Topology Aware Gang Scheduling for Distributed Training
Why Gang Scheduling Matters
Distributed ML training requires gang scheduling: a job makes progress only when its entire worker set (all tensor parallel, model parallel, and data parallel ranks) is co-allocated simultaneously. A single missing GPU stalls the entire collective communication operation, wasting all other allocated resources. The challenge is placement: where to locate these workers to minimize communication latency and maximize bandwidth for synchronous operations like all reduce.

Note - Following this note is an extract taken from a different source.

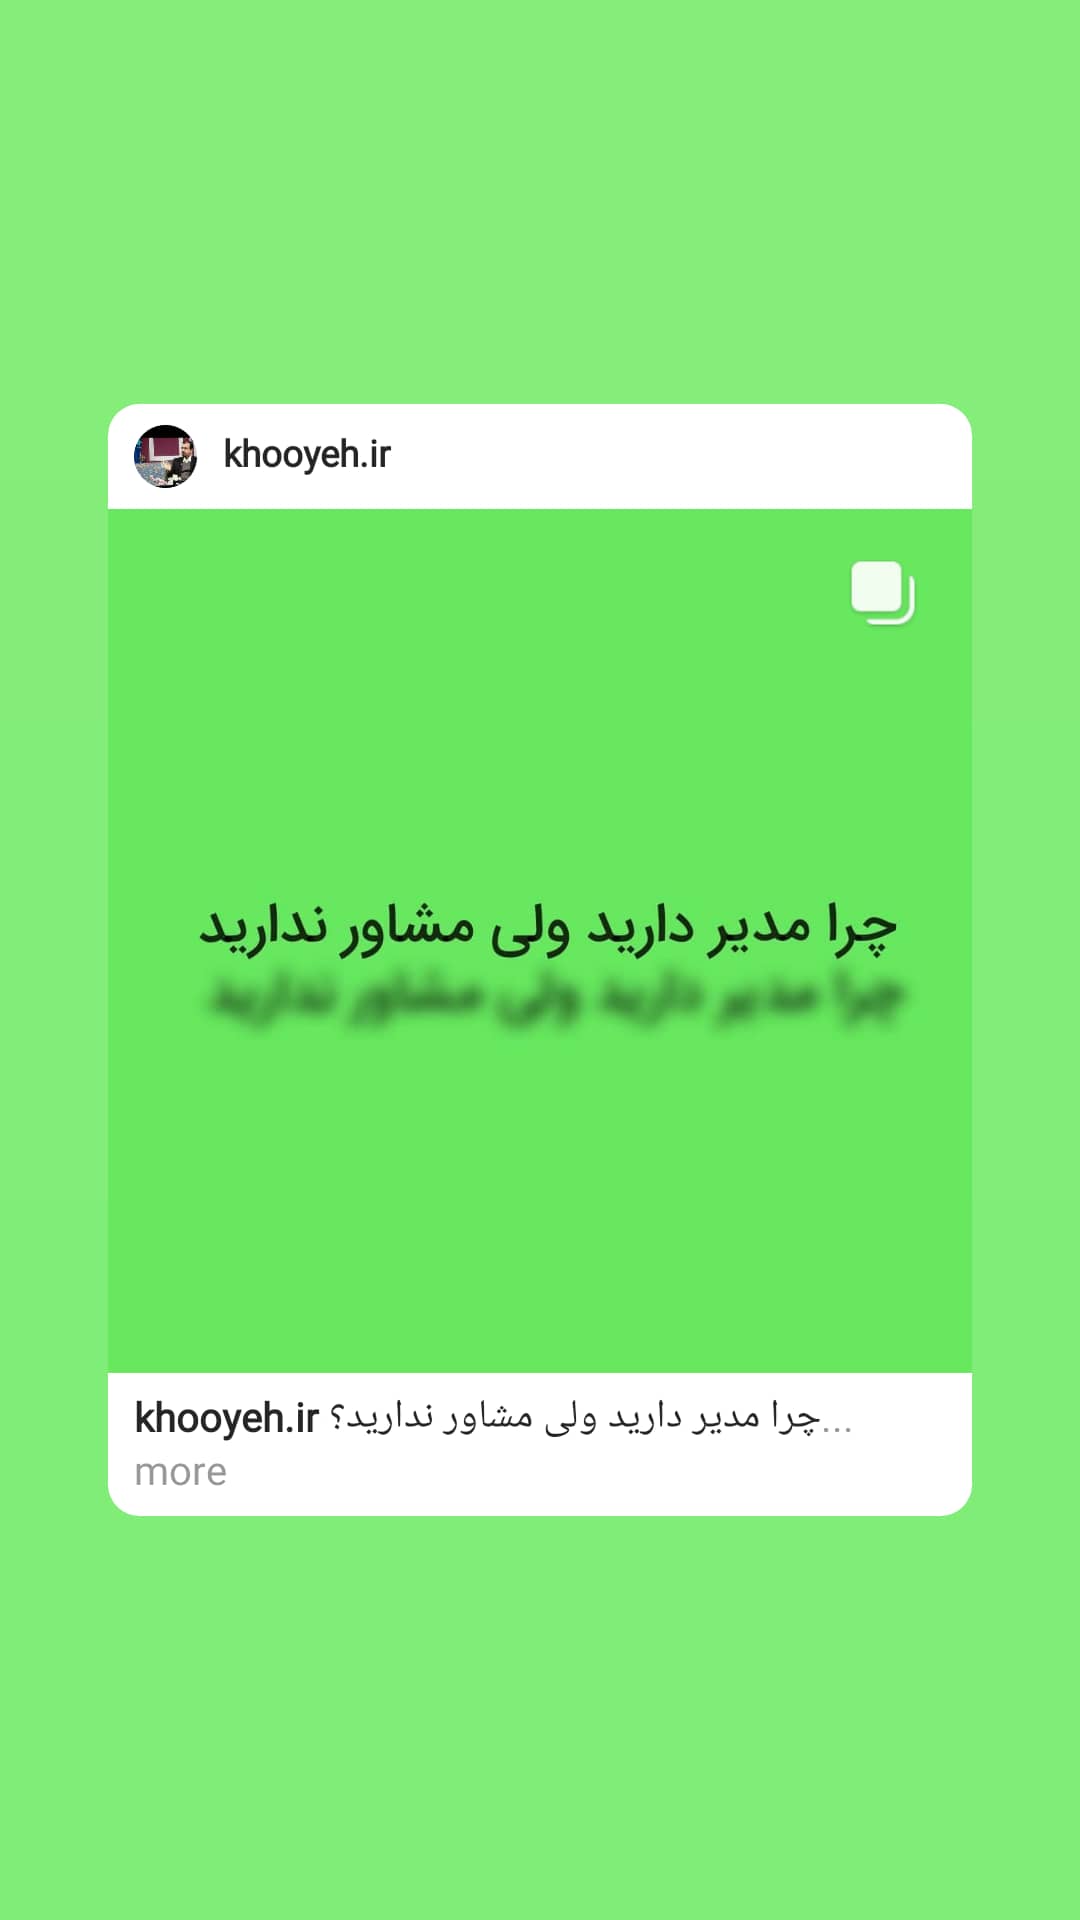 علی خویه مشاور مربی کوچ ومنتور کسب و کار مدیریت فروش بازاریابی برند khooyeh.ir

GPU Interconnect Hierarchy
GPU interconnect topology creates a hierarchy of bandwidth tiers. NVLink within a single node provides aggregate bandwidth of approximately 600 GB/s per A100 GPU. PCIe Gen4 x16 drops to approximately 32 GB/s per direction. Cross socket communication within a node traverses the CPU interconnect, adding latency. Cross node communication uses RDMA over Ethernet or InfiniBand. Placing an all reduce ring across PCIe instead of NVLink can degrade throughput by 2 to 10x for communication bound workloads.
Topology Aware Placement
Topology aware schedulers like HiveD model the GPU to PCIe switch to CPU socket to node hierarchy and assign affinity constraints. For synchronous data parallel training with all reduce, keep all workers within a single NVLink island (8 GPUs on modern NVIDIA servers). For larger jobs, pack workers to minimize cross socket and cross node hops. For parameter server architectures that tolerate higher latency, place parameter shards near NIC rich nodes and ensure NUMA affinity between NIC and GPU.
Utilization vs Throughput Trade-off
The tradeoff is utilization versus throughput. Strict topology constraints increase queue times and create fragmentation: a job needing 16 GPUs in 2 tightly coupled nodes may wait while 16 scattered GPUs sit idle. Relaxing constraints improves placement flexibility but risks degrading training throughput. Elastic scaling systems can defragment capacity dynamically.